I’m heading off to the annual meeting of the Association of American Geographers next week, where I’ll be presenting some preliminary work on the history of agricultural
meteorology in a session I’ve put together with Angelo Matteo Caglioti (Berkeley). The session, ‘Historical geographies of environmental knowledge: science, space and power‘, will bring together historical geographers and historians of science to consider the relationships between environmental know-how and political action across a range of contexts, from Italian colonial Africa to the US Midwest.
The title I put forward was ‘Weather, climate and the colonial imagination: Albert Walter’s agricultural meteorologies’, although I’m thinking now that I should change the post-colon part to ‘spatial histories of agricultural meteorology’, as I was to use the paper to try and develop some conceptual arguments about how to deal with the geographies of meteorological practice and its applications in contexts of colonial development schemes and the like. I’m going to play around with the notion of experimentation, which has been a concept and object of growing interest to geographers recently, using the empirical case of the British government’s notorious groundnut scheme to think about how the different ends of experimentation – authoritative knowledge, material transformation, commercial gain – interact and shape each other, and what this has meant historically for the relationships between scientific expertise and decision-making.
The paper will be informed by some recent archival work in Oxford, where I w

as able to closely study the work of Albert Walter, a government meteorologist in Mauritius (1897-1926) and then in British East Africa (1926-1948). He pioneered the study of the relationships between crops and weather, developing sophisticated statistical techniques to transform sparse data into seemingly robust arguments about causative relationships between means, extremes and agricultural yields. In the immediate post-war period he was appointed meteorological advisor to the groundnut scheme, and urged the scheme’s managers to reconsider some of their locational choices based on his analysis of climatic conditions. First he was ignored, and then dismissed, before the scheme failed rather unceremoniously following low rainfall, equipment failures and struggles with the local soils.

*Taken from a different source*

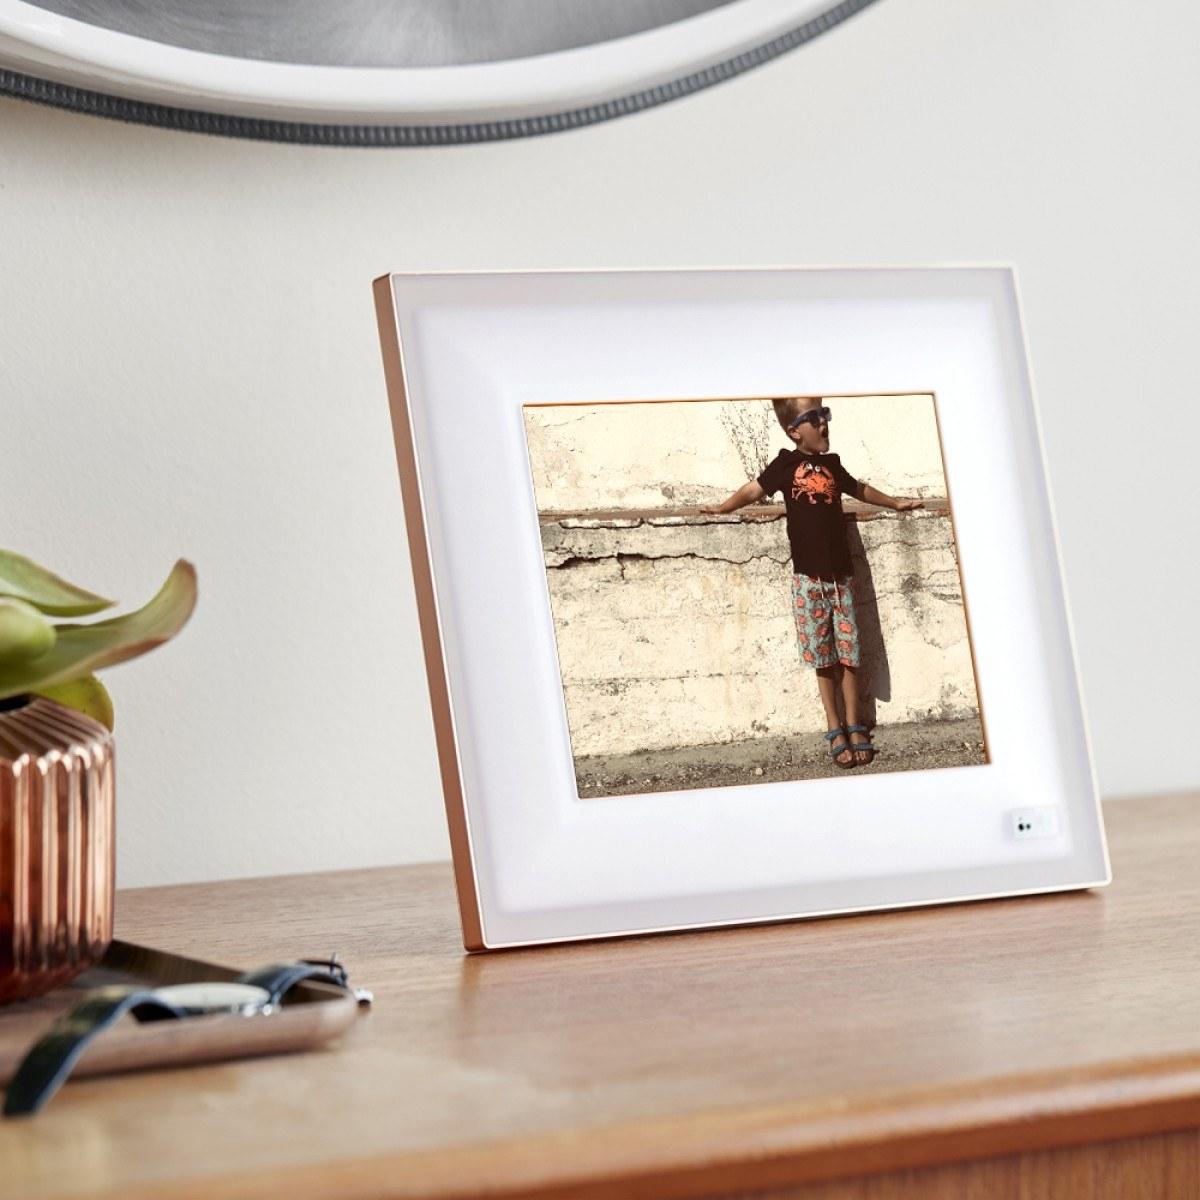 the smart frame displayed on dresser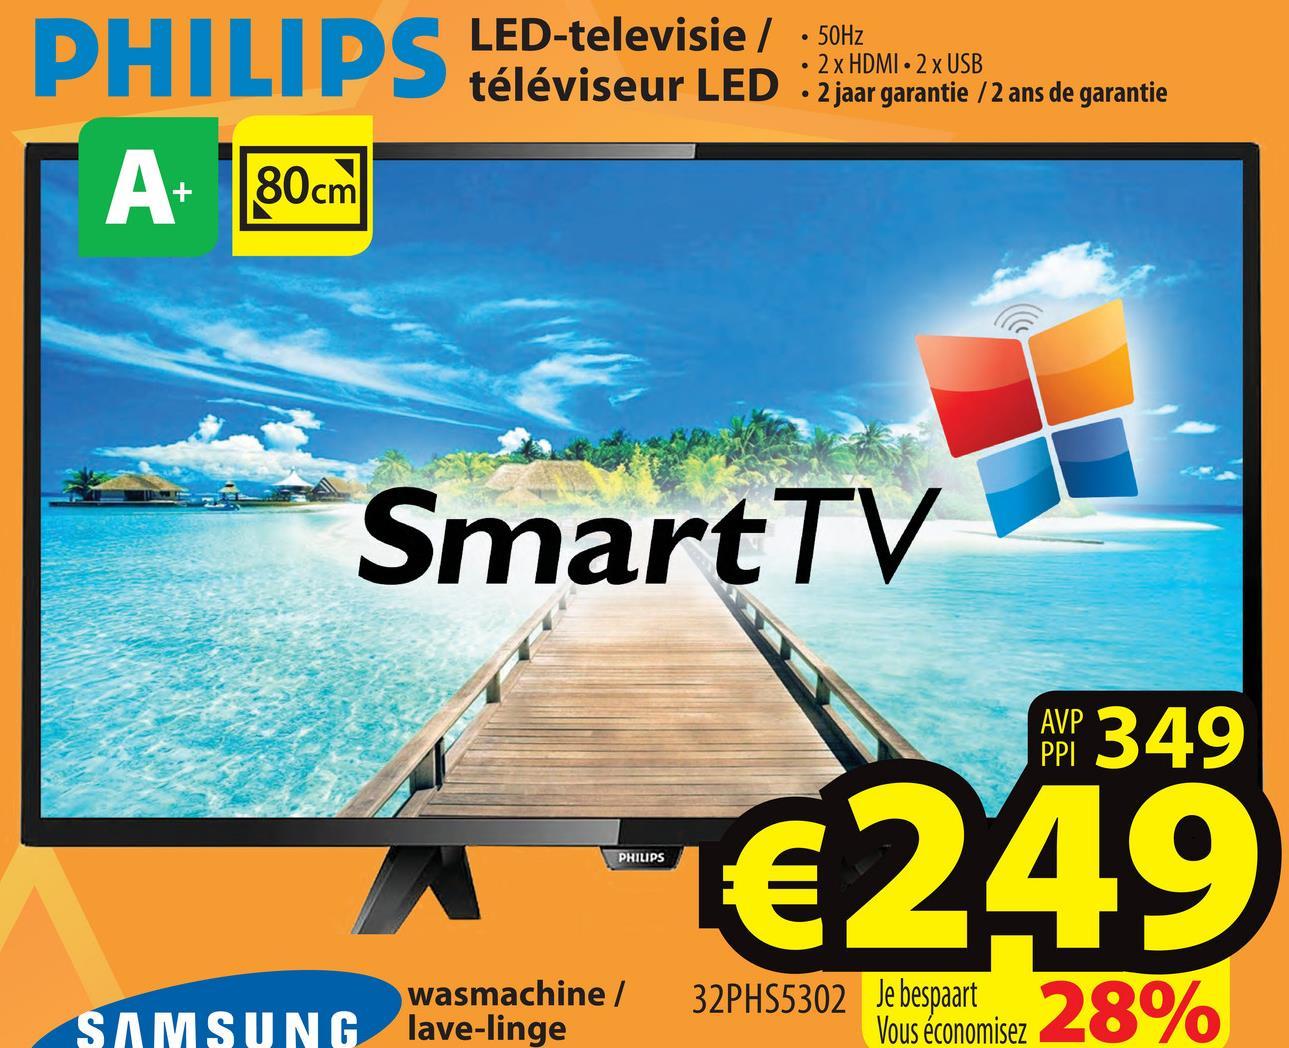 LED-televisie / téléviseur LED . 2 x HDMI - 2 x USB 50Hz 2 jaar garantie /2 ans de garantie A+ 80cm SmartTV AMP 349 €249 PHILIPS wasmachine / SAMSUNG lave-linge 32PHS5302 Je bespaart Vous économisez

In a last ditch attempt to save the scheme, Walter’s successor at the East African Meteorological Department David Davies collaborated with the Overseas Food Corporation on a series of rainmaking experiments, with silver-iodide laden balloon bombs and flare guns launched at any passing cloud. While some apparent success was reported, the challenge of reliably attributing subsequent rain to human or natural causes proved insurmountable, and the efforts to finally make it rain on the groundnuts were quietly abandoned.
For me, this case is a great opportunity to play around with some ideas about the role of scientific advice in colonial decision-making, and about the historical geographies of experimentation in the borderlands of science, government and commerce. There’ll also be opportunities to think about how this relates to more recent debates, not least through a session I’ve co-organised with James Palmer (Oxford) – ‘Boundary spaces in environmental politics: contested geographies of knowledge and power‘.